During Operation Barbarossa, his Corps was part of Army Group Centre under Field Marshal Fedor von Bock. As all commanders of the German corps on the Eastern Front during the invasion, Vietinghoff implemented the criminal Commissar Order. Vietinghoff also later served with General Heinz Guderian in the 2nd Panzer Army.

From December 1941 to August 1943, he was Commander-in-Chief of the German Fifteenth Army in France. In Italy from August 1943 he commanded German Tenth Army, which was responsible for the delaying actions through the successive defensive lines built across Italy. Notable in this context were the defences on the Winter Line from November 1943 to May 1944 and the fighting in the autumn of 1944 on the Gothic Line. 

In October 1944, he was temporarily raised to overall command in Italy (Army Group C) when Field Marshal Albert Kesselring was seriously injured in a car crash. In January 1945, on Kesselring's return, he left Italy to command Army Group Courland in East Prussia. When Kesselring was moved in March 1945 to command German Army Command West (OB West) in France, Vietinghoff returned as the supreme German commander in Italy.
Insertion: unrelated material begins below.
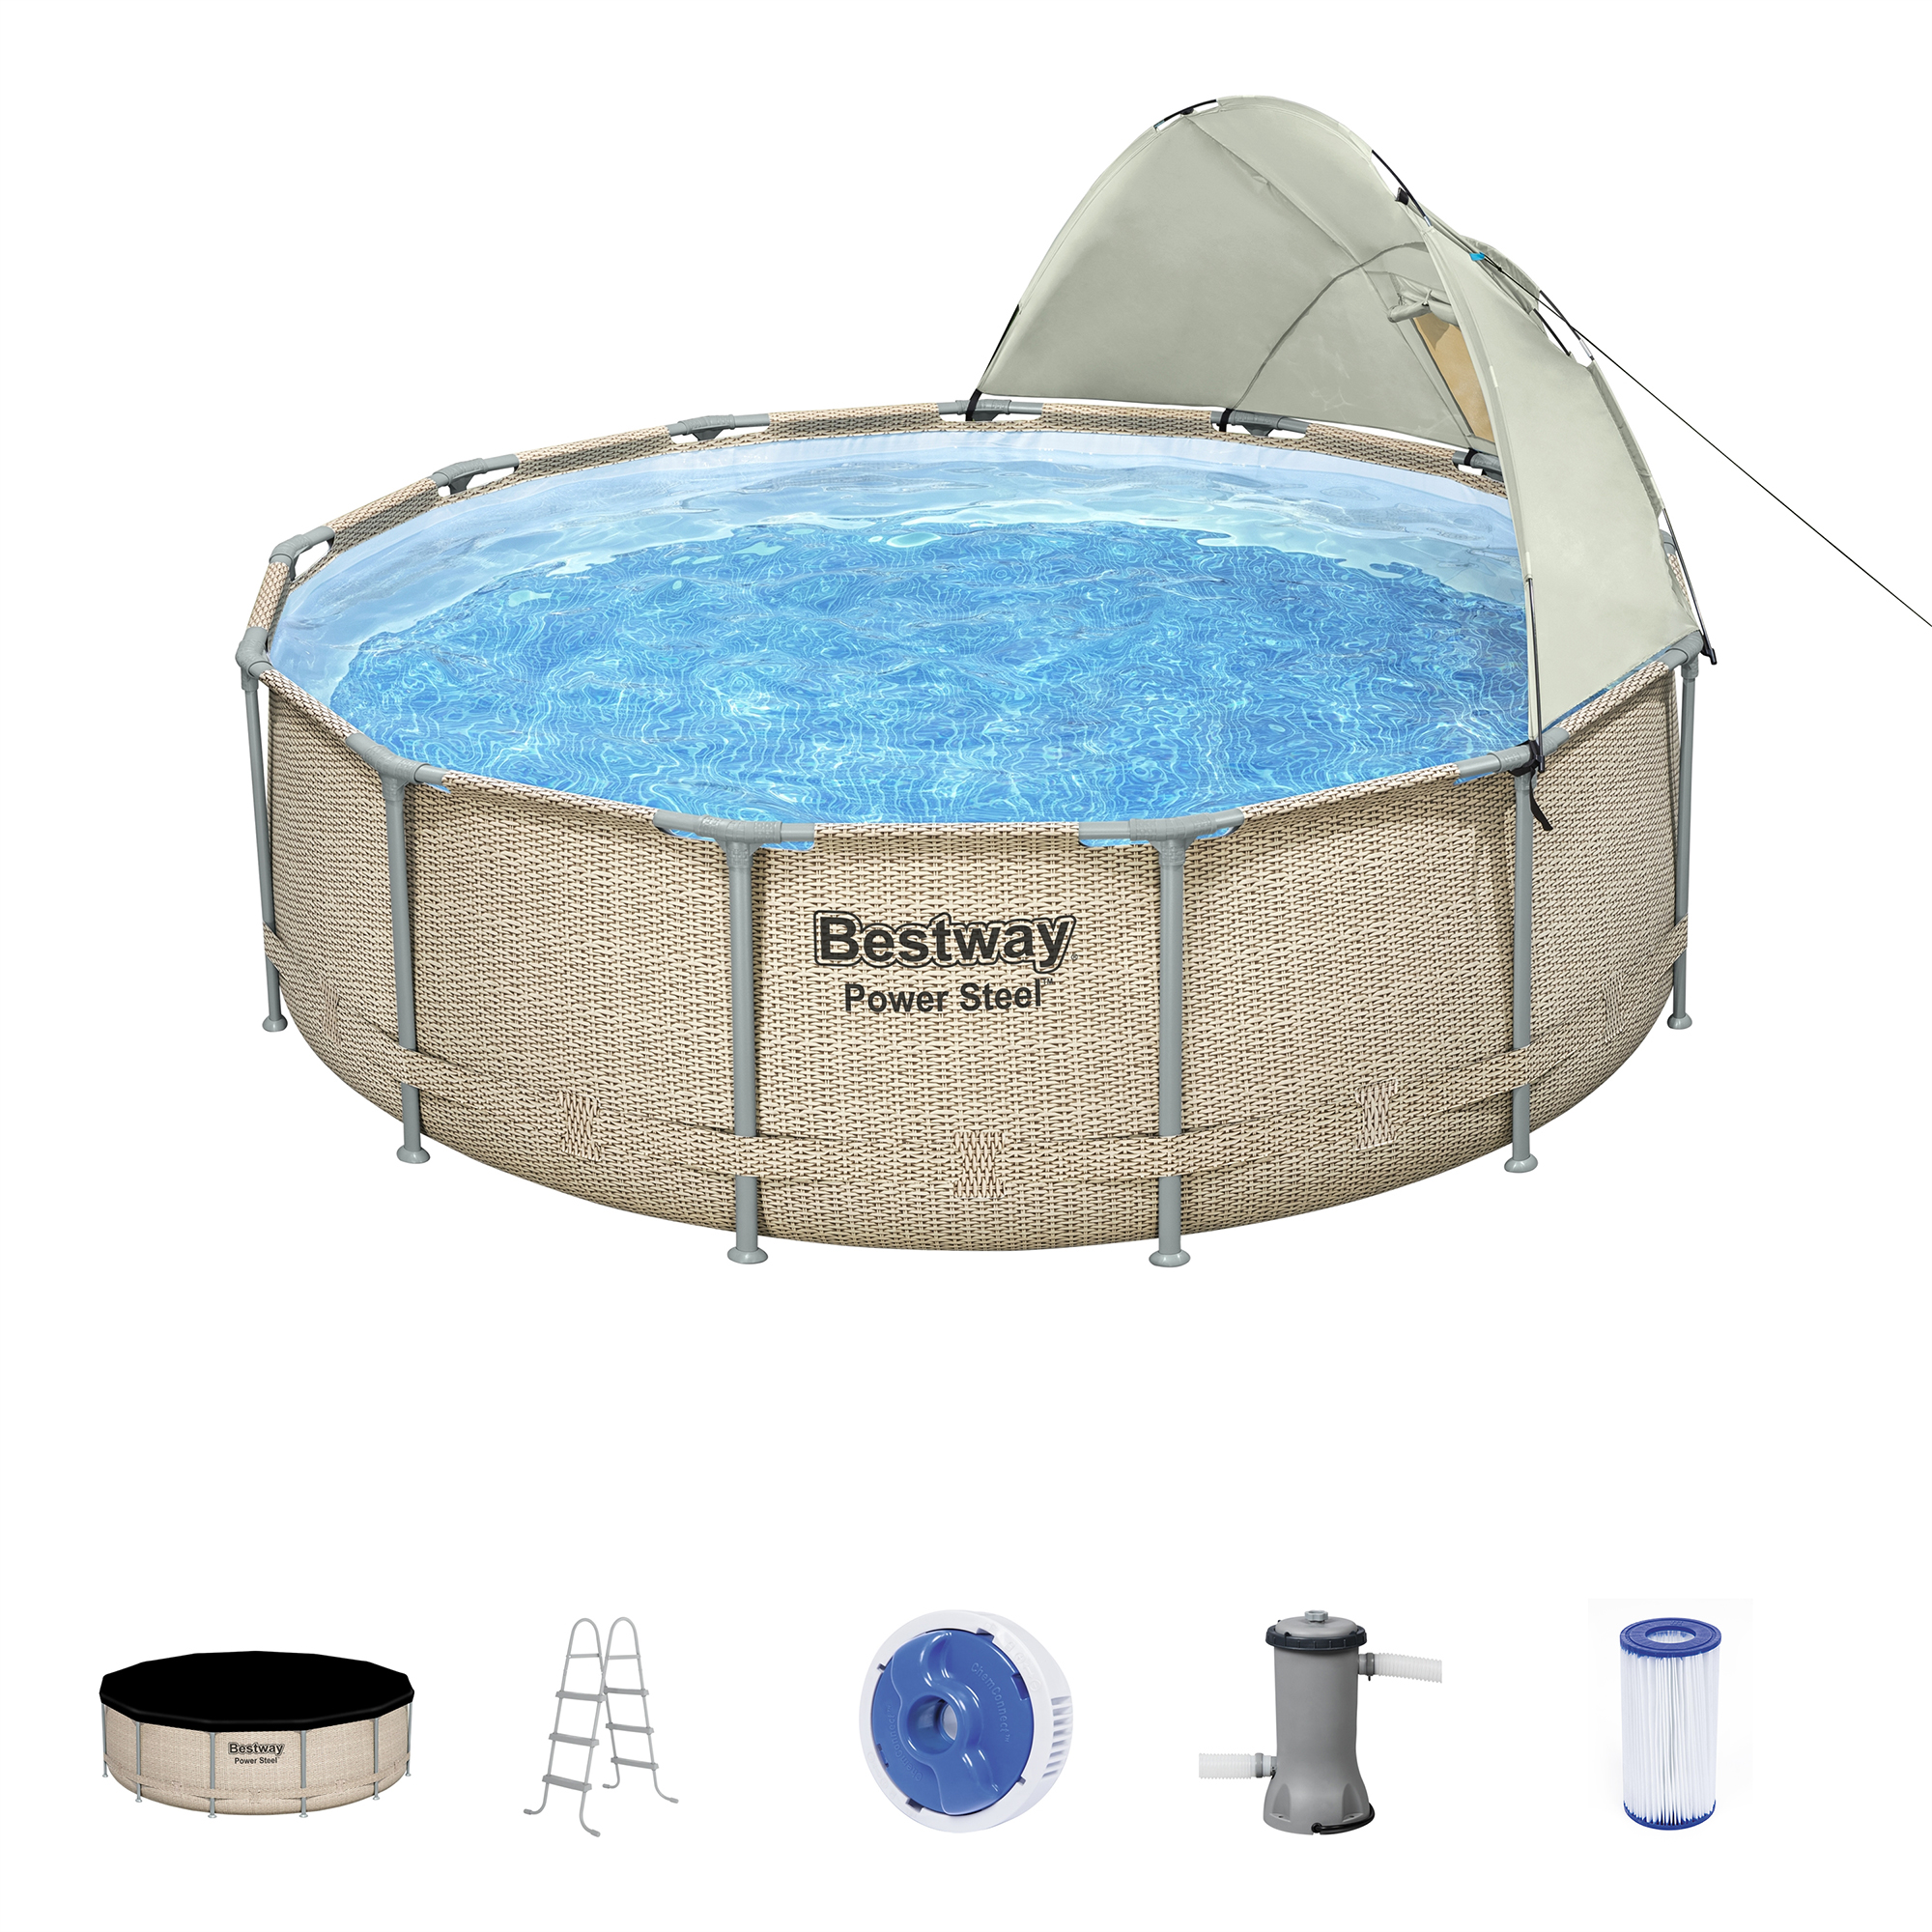 Bestway Power Steel 13' x 42" Above Ground Swimming Pool Set with Canopy - image 1 of 12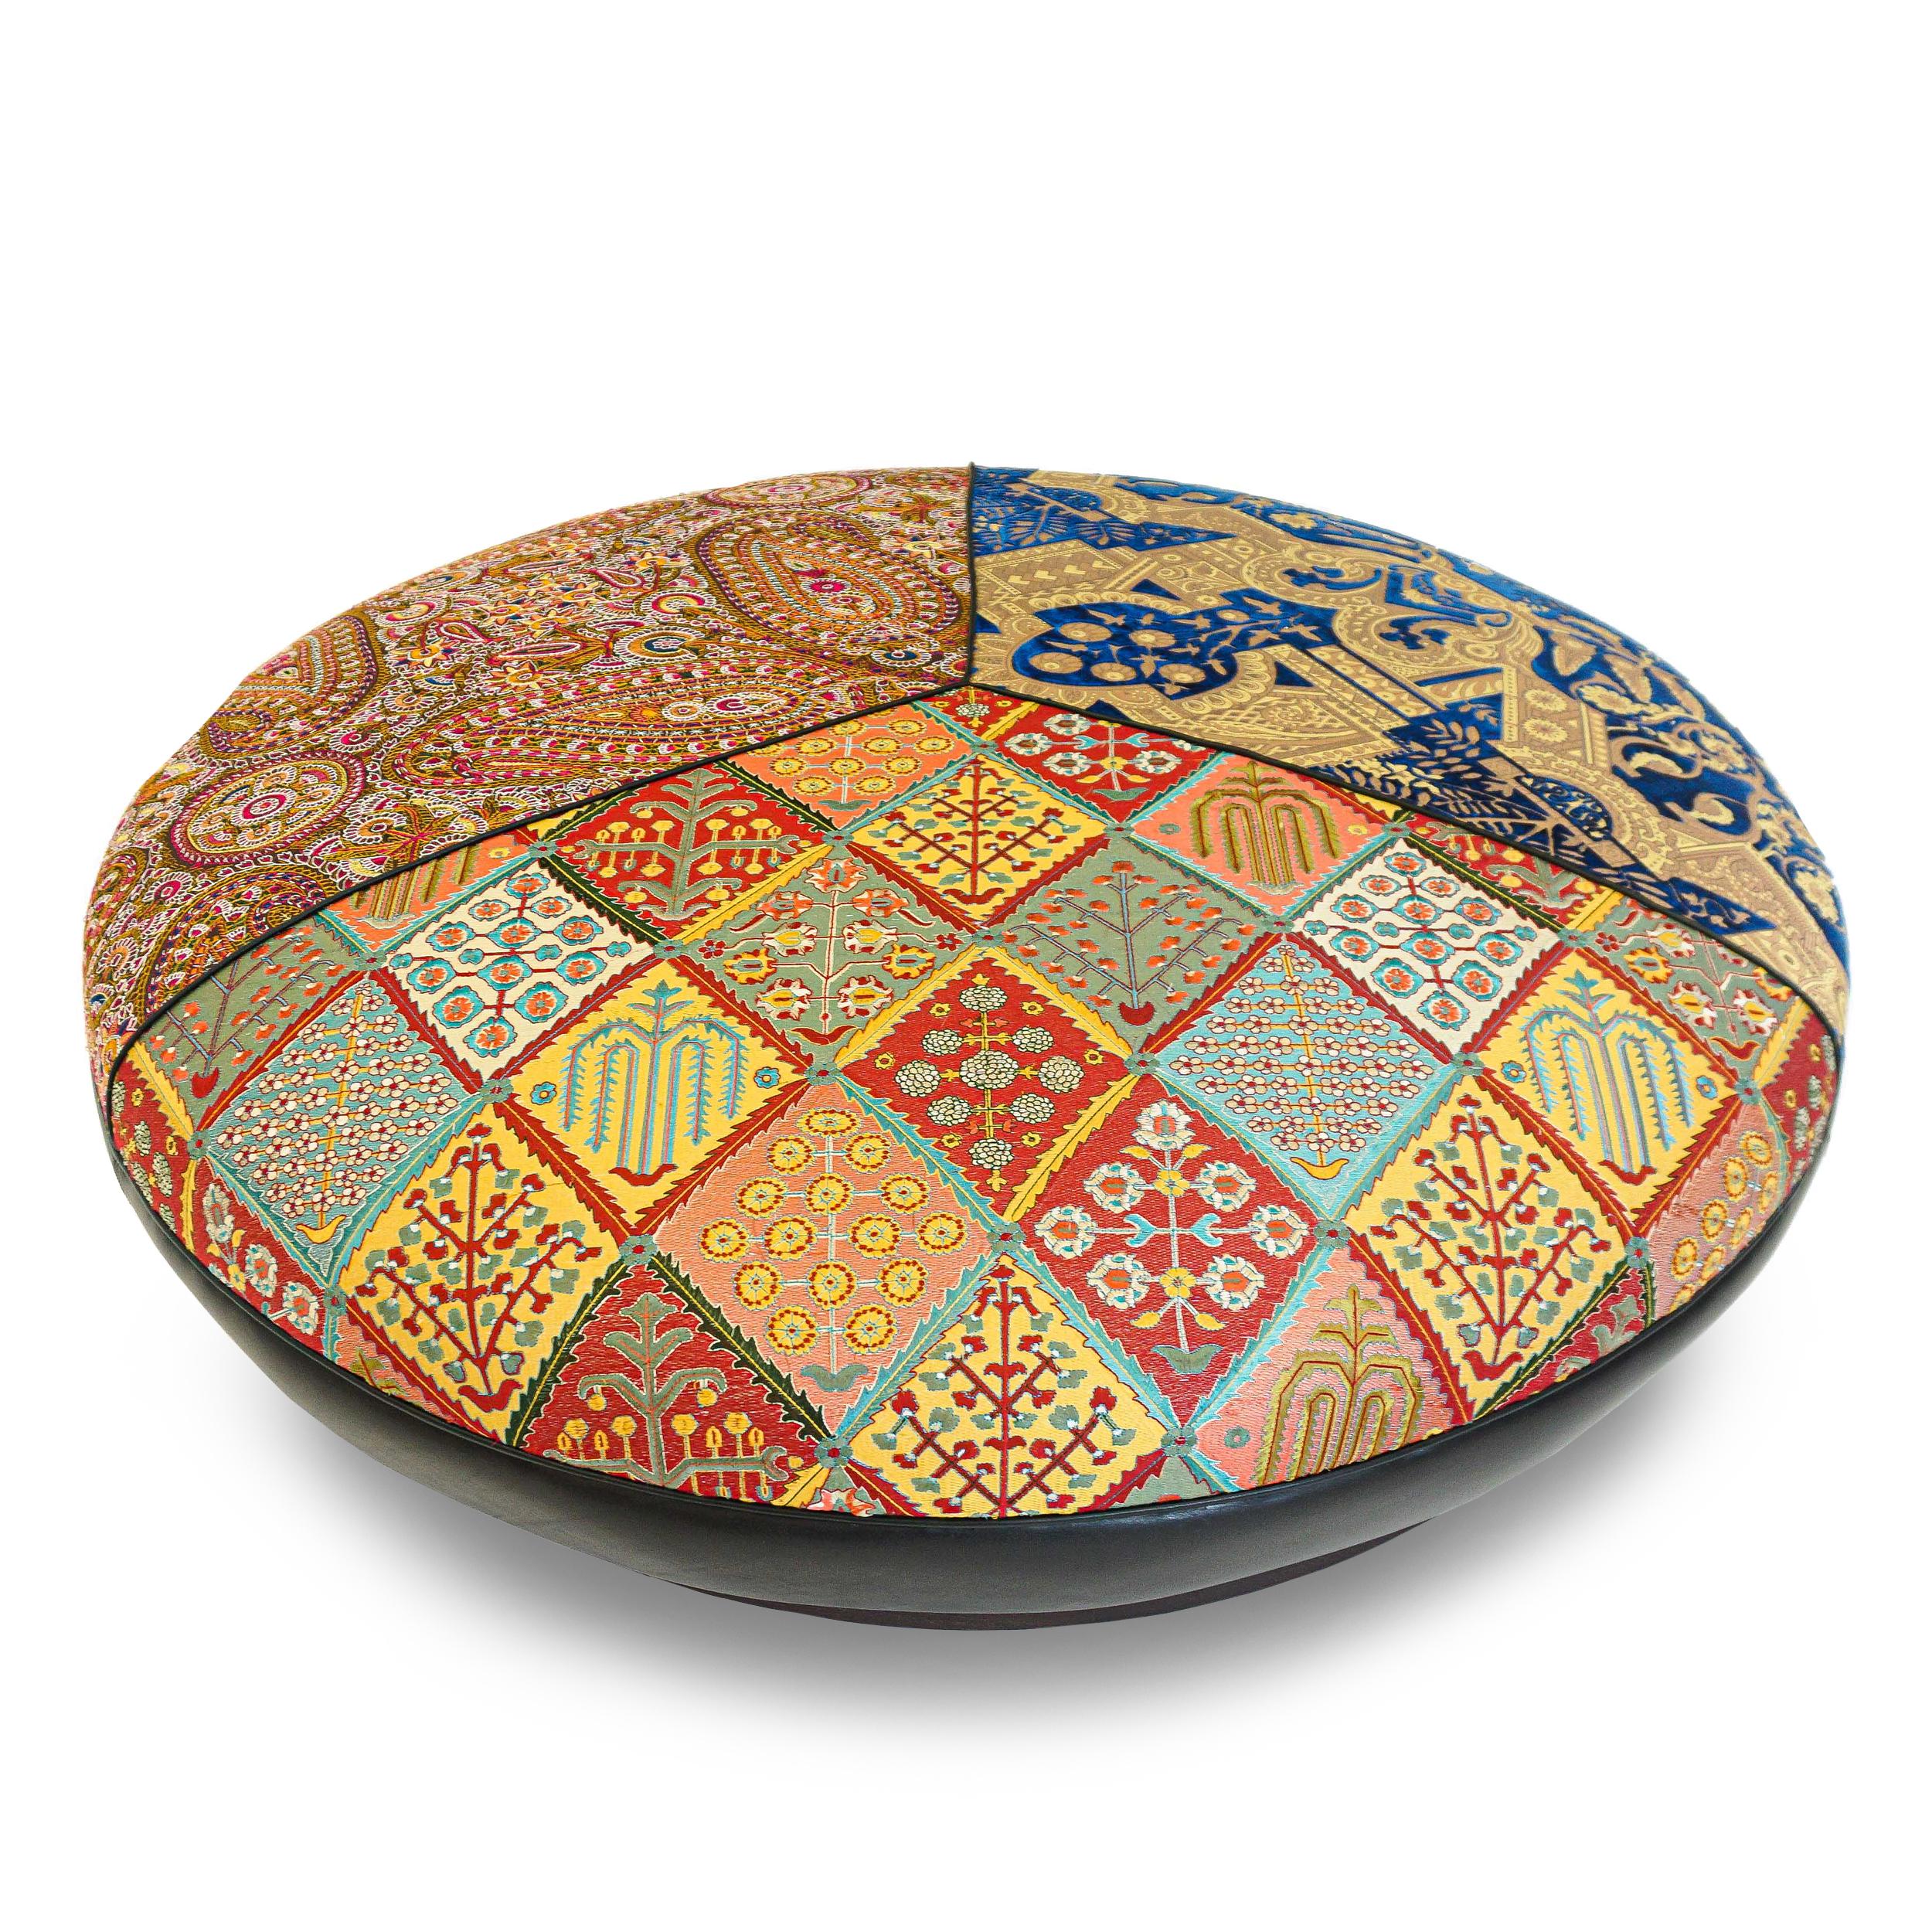 Leather Large Round Upholstered Moroccan-Inspired Ottoman, Customizable For Sale

At the end of April 1945, he made contact with the Allied forces and on 29 April, his representative General Karl Wolff  signed on his behalf at the Royal Palace in Caserta the instrument of surrender on 2 May 1945 at noon. Afterwards he spent two and a half years in British captivity at Bridgend Island Farm (Special Camp XI) among high-ranking German prisoners. He was released in September 1947.

After the war Vietinghoff was a member of the expert group dealing with the question of German rearmament. In October 1950 he wrote the Himmerod memorandum, named after the Himmerod Abbey where it was written, on behalf of the Adenauer government, on West German contributions to European defence. He died on 23 February 1952 in Pfronten.

Military awards

 Prussian Iron Cross (1914) 1st Class (23 April 1915) & 2nd Class (13 September 1914)
 Clasp to the Iron Cross (1939) 1st Class (28 September 1939) & 2nd Class (21 September 1939)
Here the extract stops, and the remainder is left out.